The presence of the Interstate MAX and its accompanying ICURA plan has been partly blamed for gentrifying historically black Portland neighborhoods. In an analysis conducted by The Oregonian on the 2010 United States census, approximately 10,000 people of color have left Portland's Central City between 2000 and 2010. Of this number, 8,400 had lived in inner North and Northeast Portland neighborhoods. According to another report by the Portland Housing Bureau, neighborhoods around Interstate Avenue and Martin Luther King Jr. Boulevard were the only areas in Portland that experienced double-digit percentage declines in minority population from 2000 to 2013. During the same period, the Interstate Corridor gained more than 13,000 new white and non-Hispanic residents.

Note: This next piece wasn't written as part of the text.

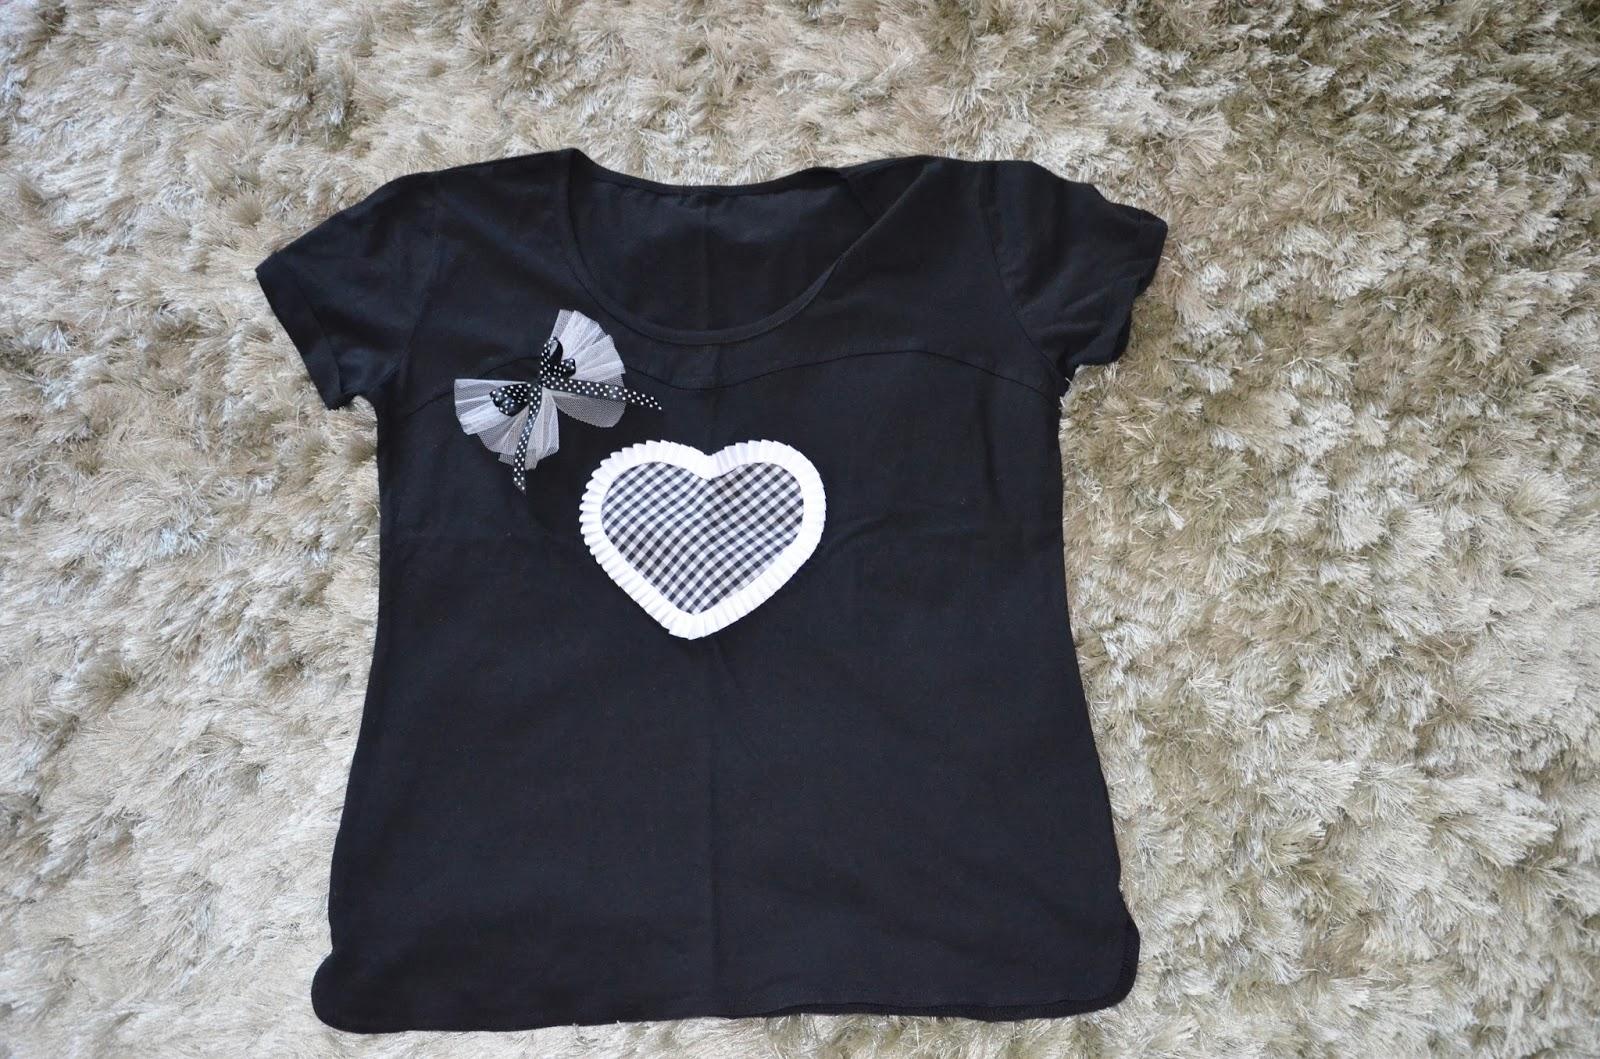 camiseta con aplicación de corazon de vichy negro y blanco con plisado blanco y lazo de tul decorativo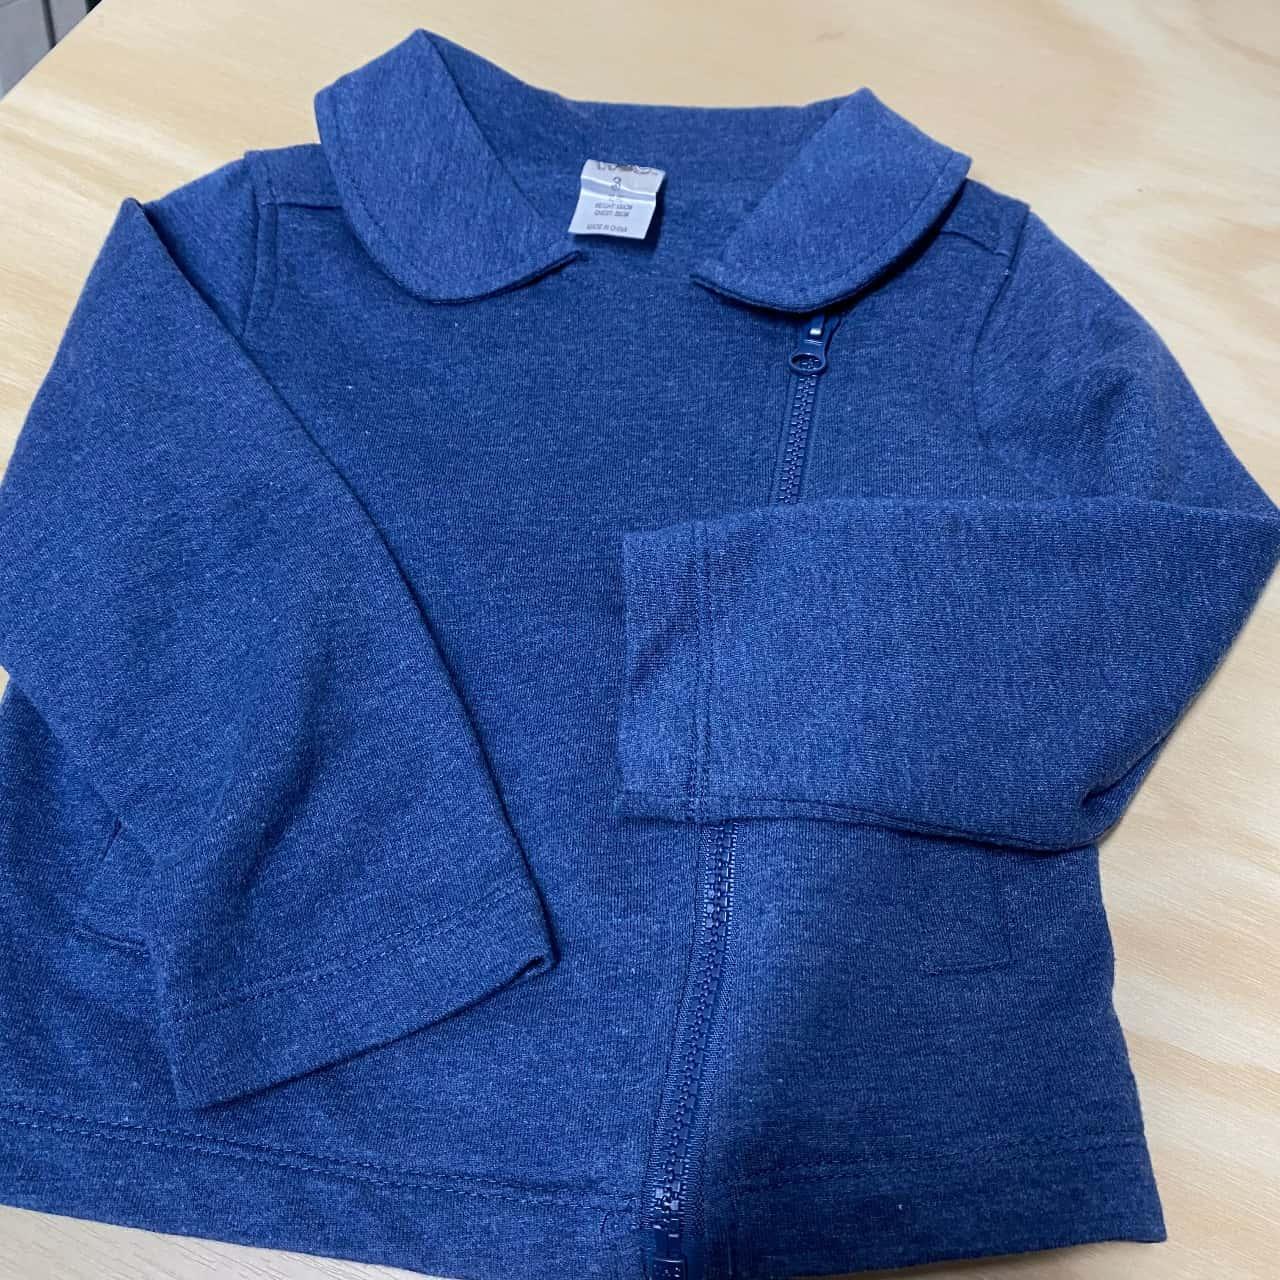 Boys Size 3/4 Bundle (6) Tops & Jacket

The 2000-adopted ICURA plan had outlined policies to prevent the displacement of existing residents—such as ensuring that affordable housing would be top priority—that the Portland Development Commission (PDC) later eliminated. Amid mounting pressure from the community, the PDC began setting aside 30 percent of the urban renewal funds for affordable housing in 2006. The PDC amended the ICURA plan in July 2011, expanding its boundaries to 3990 acre and 17 neighborhoods. In 2016, the city allocated a budget of $52 million to help pay for housing projects within the urban renewal area and devised a housing plan referred to as the "preference policy", which offered a way for affected residents to stay or return to their neighborhoods.